Supposons que nous considérions que le premier principe implique que les personnes ont,
au minimum, des droits d'entrave auxquels il ne peut être dérogé que dans des
circonstances extrêmes. Et nous considérons que le second implique que nous devrions
améliorer le bien-être des autres - leur bonheur - dans la mesure de nos possibilités. Ainsi,
en acceptant les droits d'entrave, nous nous assurons que les personnes ne sont pas
traitées comme des moyens, et en promouvant le bonheur, nous les traitons comme des fins
en soi. Cela nous donne deux principes pratiques d'éthique : respecter les droits des autres
et promouvoir leur bonheur. Cependant, il est possible que l'amélioration du bonheur de
certains viole de manière injustifiée les droits d'autres personnes. Nous devons donc
énoncer notre principe "utilitaire kantien" comme suit :
Un acte est éthiquement admissible si et seulement si (1) il ne viole de manière injustifiée
aucun droit de barrière, et (2) il apporte autant de bonheur global que ce qui est compatible
avec (1). Les actes qui ne remplissent pas les conditions (1) et (2) ne sont pas éthiquement
admissibles.

Ce principe doit manifestement être développé, analysé et défendu. Par exemple, on


pourrait dire que les droits au bien-être devraient être inclus en plus des droits de barrière.
Le nombre et la force des droits d'entrave doivent être discutés, de même que les conditions
dans lesquelles ces droits peuvent être ignorés. Des problèmes subsistent quant à la
mesure de la quantité de bonheur que les actions d'une personne apportent, et même quant
à la question de savoir si le bonheur est la valeur appropriée à utiliser. Et l'on pourrait
objecter que le principe est trop strict, qu'il exige trop des personnes pour qu'elles puissent
l'utiliser dans leur vie ordinaire. Néanmoins, nous pensons qu'il s'agit d'un pas plausible et
défendable dans la bonne direction. Elle tente de combiner l'idée kantienne selon laquelle il
est éthiquement inacceptable de traiter les gens de certaines manières avec l'idée utilitaire
selon laquelle il faut contribuer au bien-être général. Quant à savoir s'il s'agit d'une réussite
à la fois philosophique et pratique, nous laissons pour l'instant à d'autres le soin d'en juger.
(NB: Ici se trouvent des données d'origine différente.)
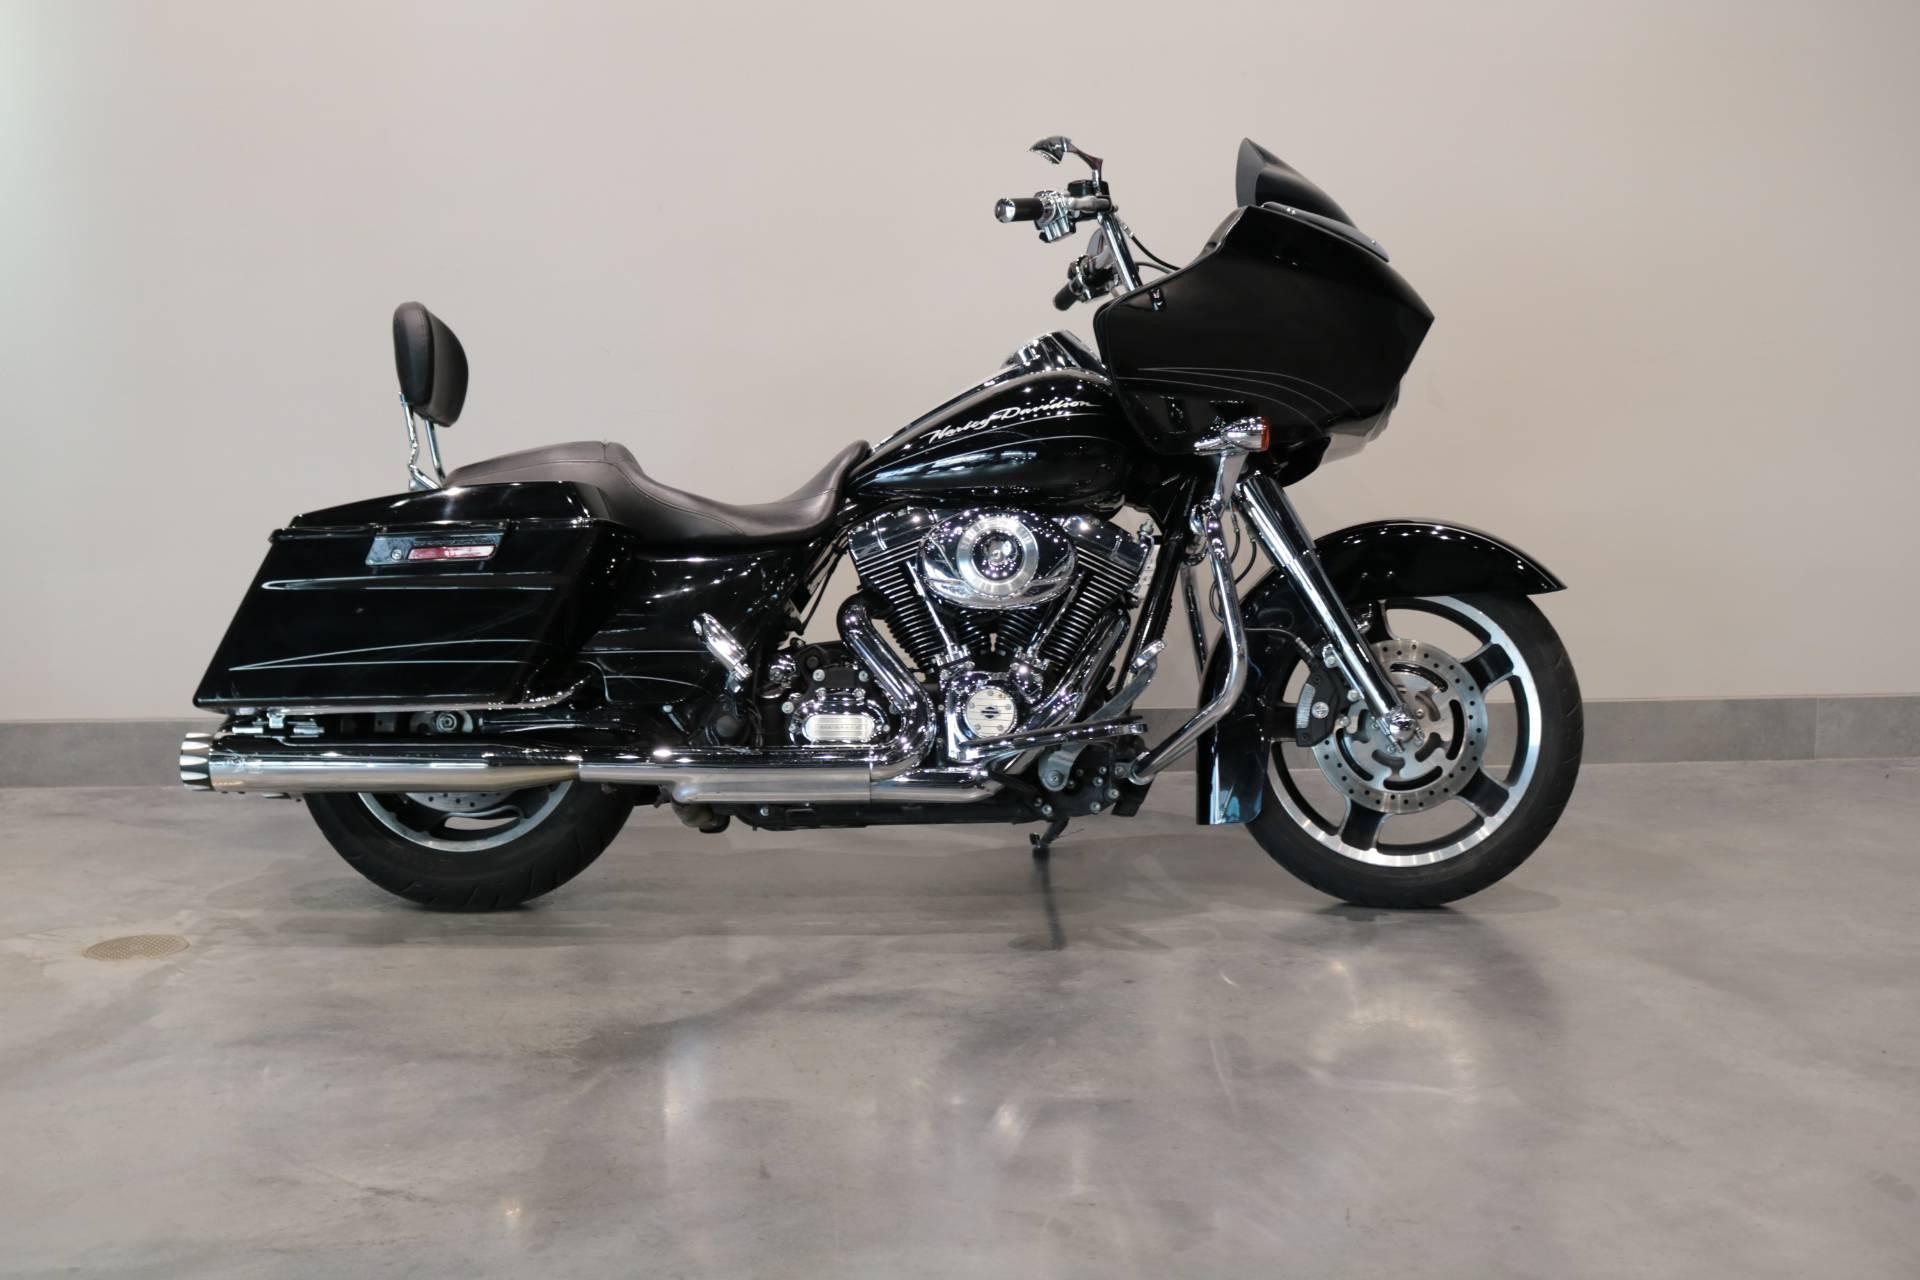 Used 2013 Harley Davidson Road Glide Custom Motorcycles In Saint Paul Mn Stock Number Poh608597 Dealer Url

Dans cette introduction générale, aussi longue soit-elle, nous avons omis de nombreux
sujets d'éthique et en avons à peine effleuré d'autres. Ce n'est pas parce qu'ils sont sans
importance ou qu'ils ne méritent pas de longs commentaires, mais seulement parce qu'il a
fallu faire des choix. Pour le meilleur ou pour le pire, les choix que nous avons faits reflètent
ce que nous croyons être le minimum nécessaire pour comprendre les questions éthiques
dans le monde des affaires. Nous espérons avoir donné au lecteur un peu de la saveur de
l'éthique, un avant-goût de sa richesse et de sa complexité. Et nous espérons que le lecteur
sera motivé pour poursuivre l'étude de l'éthique. Nous avons essayé de faire valoir que
certaines choses ne sont pas seulement utiles, mais qu'elles valent la peine d'être étudiées.
Nous pensons que l'étude de l'éthique en fait partie.